When travellers arrived they were told to be back before 11 as the hostel would then close. This was sometimes greeted with some ridicule amongst more hardy revellers until it was gently pointed out that the castle was named as such for a reason. Once the two-ton oak doors were slowly and creakingly swung and bolted shut for the night, admittance, short of scaling the ramparts, was impossible. Especially after sampling Falmouth's delightful harbour side pubs and the nullifying effects of the local ales, curious brews called something like Cornish Welt, Wrecker Figgy's ale and Quoit's Feduddler, to name, unreliably, a few.
It seems everything has a price rather than a value nowadays. The Youth Hostel at Pendennis provided a much more valuable service to the World community and mankind as a whole by providing a location that most of the world's first class hotels cannot boast, than the stuffy museum piece or even 'Interactive' Pendennis Castle Experience' that will undoubtedly replace it.
A Farewell Party
Places like Pendennis, they hold a certain special ambience with those who have passed through their portals and benefited from the experience. Ironically, with age and time, one begins to realise that things however do not stay the same. You begin to realise that your parents are fallible, that you will in fact die one day, and that if you don't work out that the proper function of life is to live, not just to exist, you will be in danger of looking back and saying something like, 'was that it?'.
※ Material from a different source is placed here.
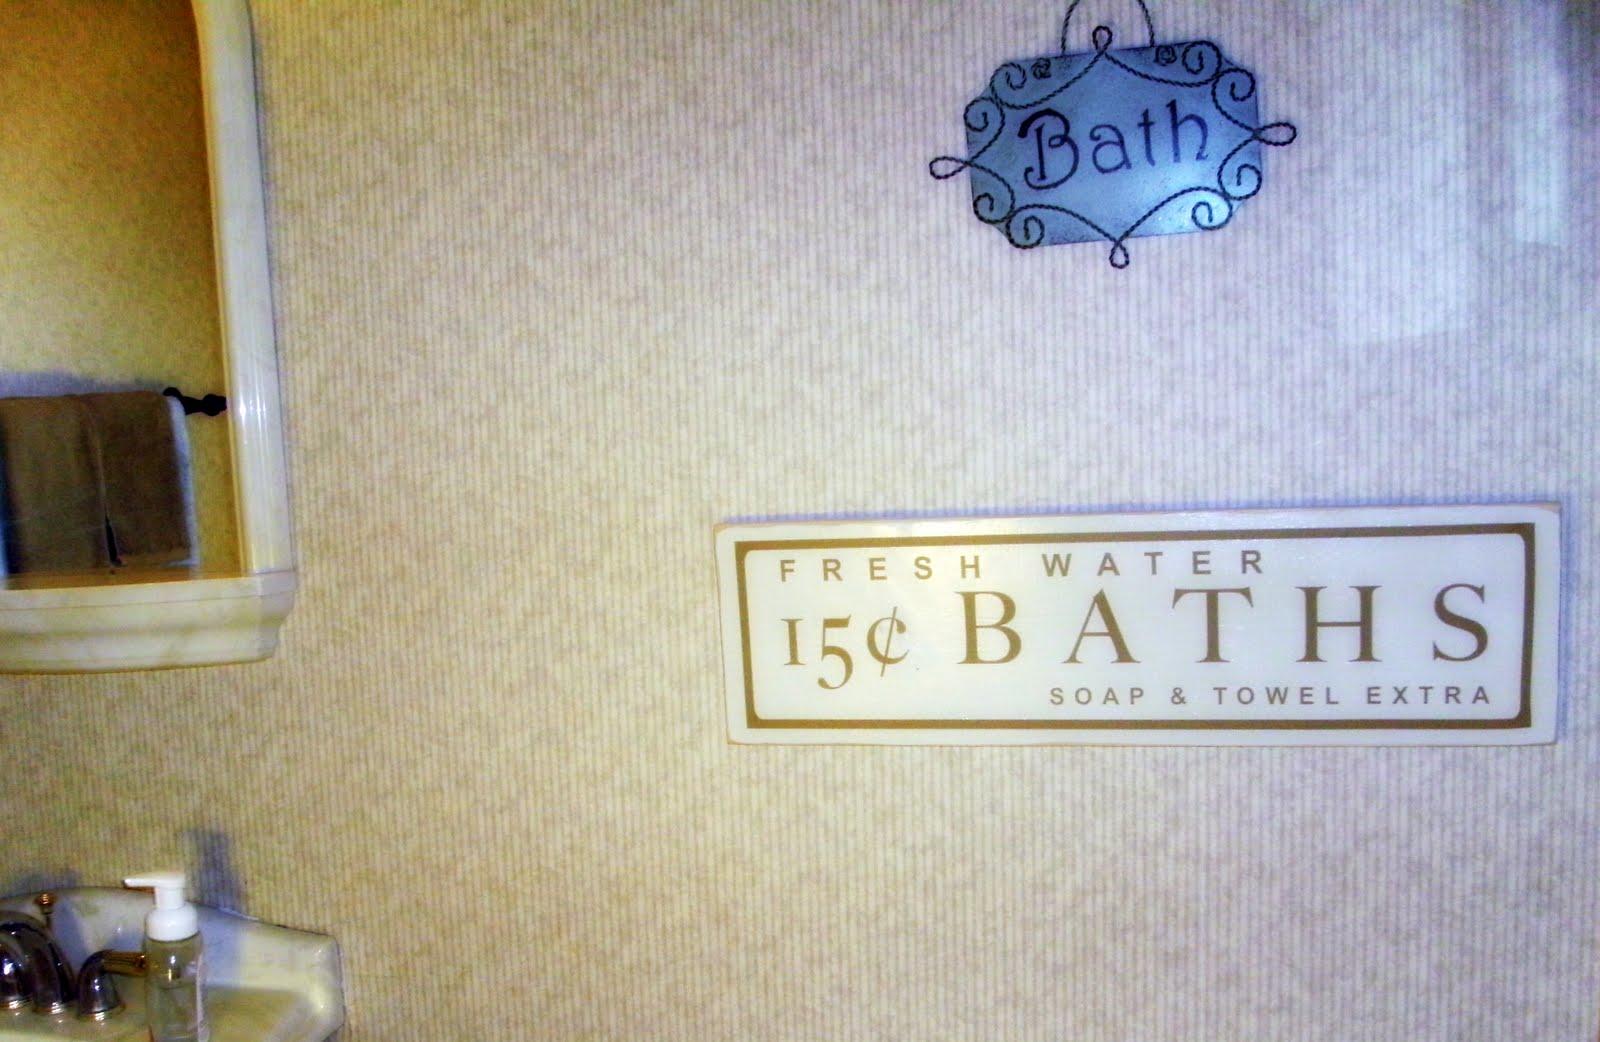 http://2.bp.blogspot.com/_bfAUDiuVgpk/TCDEJbWS-RI/AAAAAAAACK8/cLbTbqBH5Y8/s1600/sepia_bath_after_20.jpg

A farewell party was held to which many old friends, colleagues and townsfolk were invited, dressed in dinner jackets, in the casino and cocktail bar set up in the old officers mess people talked of old times and the future plans of the now redundant staff.
The actual Pendennis Castle site in Falmouth is of course still open to visit, however firmly under the aegis of English Heritage, so for your stay a guest house or hotel will have to suffice.
So it looks like the blue-rinse, rotary club, middle-England establishment have won again, and the public have lost something worthwhile.